С Кандида было довольно — он признал, что Мартен прав. Они сели за стол с Пакетой и театинцем; обед прошел довольно оживленно, и под конец все разоткровенничались.
— Отец мой, — сказал Кандид монаху, — вы, мне кажется, так наслаждаетесь жизнью, что всякий вам позавидует; у вас цветущее здоровье, ваша физиономия выражает счастье, вы развлекаетесь с хорошенькой девушкой и как будто вполне довольны тем, что стали театинцем.
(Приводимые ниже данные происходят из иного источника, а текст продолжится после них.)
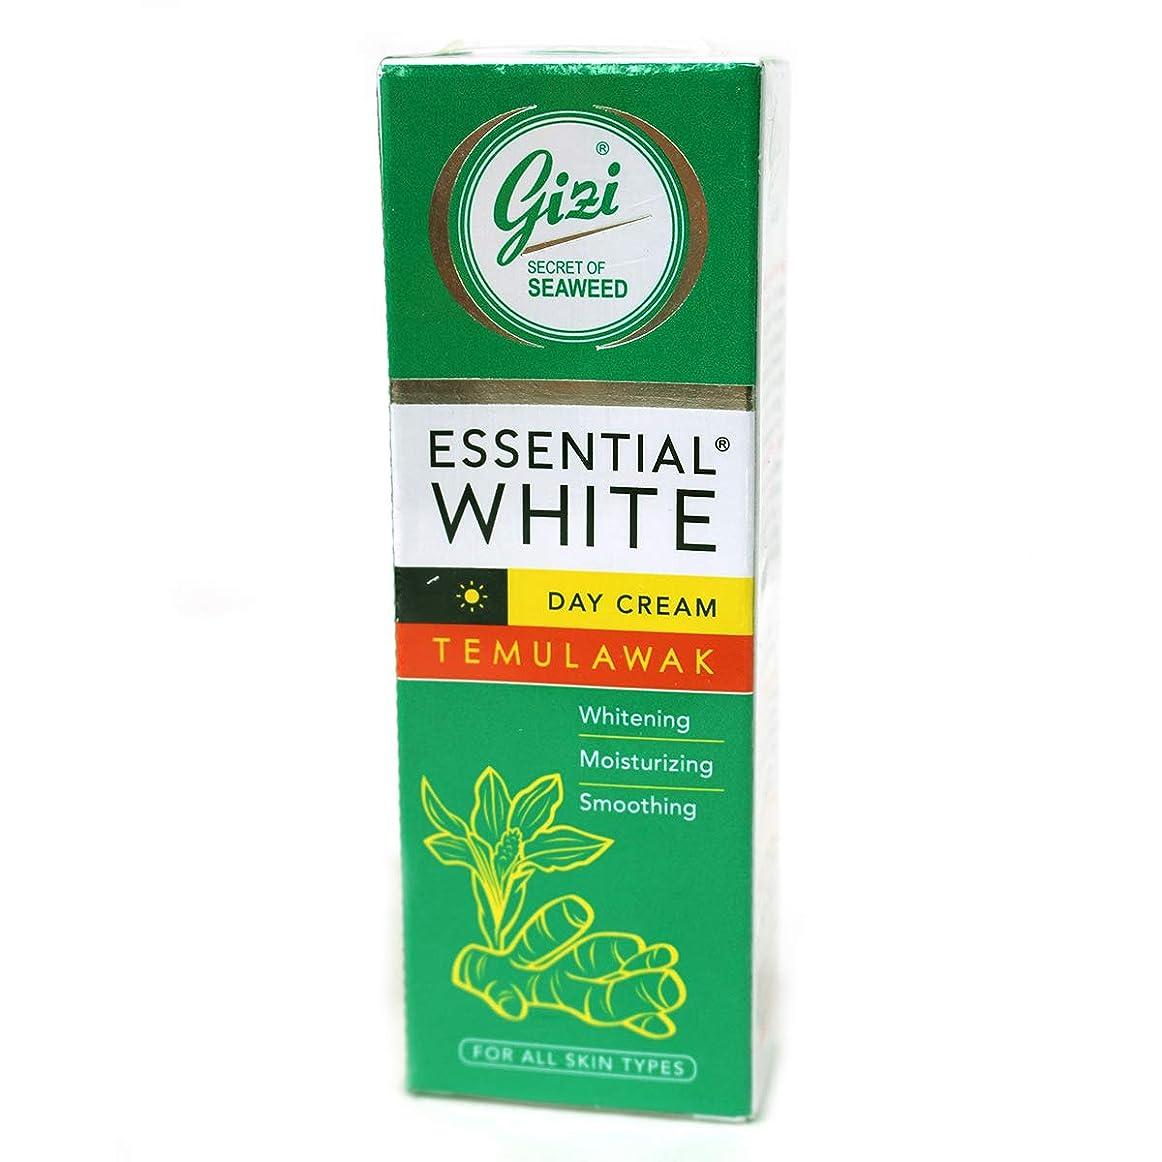 高価なヘッドレス手当ギジ gizi Essential White 日中用スキンケアクリーム チューブタイプ 18g テムラワク ウコン など天然成分配合 [海外直送品]

— Признаться, я хотел бы, чтобы все театинцы сгинули в морской пучине, — сказал брат Жирофле. — Сотни раз брало меня искушение поджечь монастырь и сделаться турком. Мои родители заставили меня в пятнадцать лет надеть эту ненавистную рясу, чтобы увеличить наследство моего старшего брата, да поразит его, проклятого, господь бог! В обители царят раздоры, зависть, злоба. Правда, я произнес несколько плохих проповедей, и они принесли мне немного денег; впрочем, половину отобрал у меня настоятель; остальные я трачу на девчонок. Но когда я возвращаюсь вечером в монастырь, мне хочется разбить себе голову о стены дортуара. Все мои собратья чувствуют себя не лучше, чем я.
Мартен обратился к Кандиду с обычным своим хладнокровием:
— Не считаете ли вы, что я выиграл всё пари целиком?
Кандид дал две тысячи пиастров Пакете и тысячу — брату Жирофле.
— Ручаюсь вам, — сказал он, — что с этими деньгами они будут счастливы.
— Как раз напротив, — сказал Мартен, — ваши пиастры, быть может, сделают их еще несчастнее.
— Ну, будь что будет, — сказал Кандид, — но кое-что меня все же утешает: я вижу, порою встречаешь людей, которых уже и не надеялся встретить. Если я нашел моего красного барана и Пакету, то, возможно, найду и Кунигунду.
— От души желаю, — сказал Мартен, — чтобы она когда-нибудь составила ваше счастье, но сильно сомневаюсь в этом.
— Вы очень жестоки, — сказал Кандид.
— У меня немалый опыт, — сказал Мартен.
— Вот посмотрите на этих гондольеров, — сказал Кандид, — они поют не умолкая!
— Вы не знаете, какие они дома, с женами и несносными детишками, — сказал Мартен. — У дожа свои печали, у гондольеров — свои. Правда, все-таки, участь гондольера завиднее, нежели участь дожа, но, я думаю, разница так невелика, что о ней и говорить не стоит.
— Мне рассказывали, — сказал Кандид, — о сенаторе Пококуранте, который живет в прекрасном дворце на Бренте и довольно охотно принимает иностранцев. Утверждают, будто этот человек никогда не ведал горя.
— Хотел бы я посмотреть на такое диво, — сказал Мартен.
Кандид тотчас же послал просить у господина Пококуранте позволения навестить его на следующий день.
Визит к синьору Пококуранте, благородному венецианцу
Кандид и Мартен сели в гондолу и поплыли по Бренте ко дворцу благородного Пококуранте. Его сады содержались в отличном порядке и были украшены великолепными мраморными статуями; архитектура дворца не оставляла желать лучшего. Хозяин дома, человек лет шестидесяти, известный богач, принял наших любознательных путешественников учтиво, но без особой предупредительности, что смутило Кандида и, пожалуй, понравилось Мартену.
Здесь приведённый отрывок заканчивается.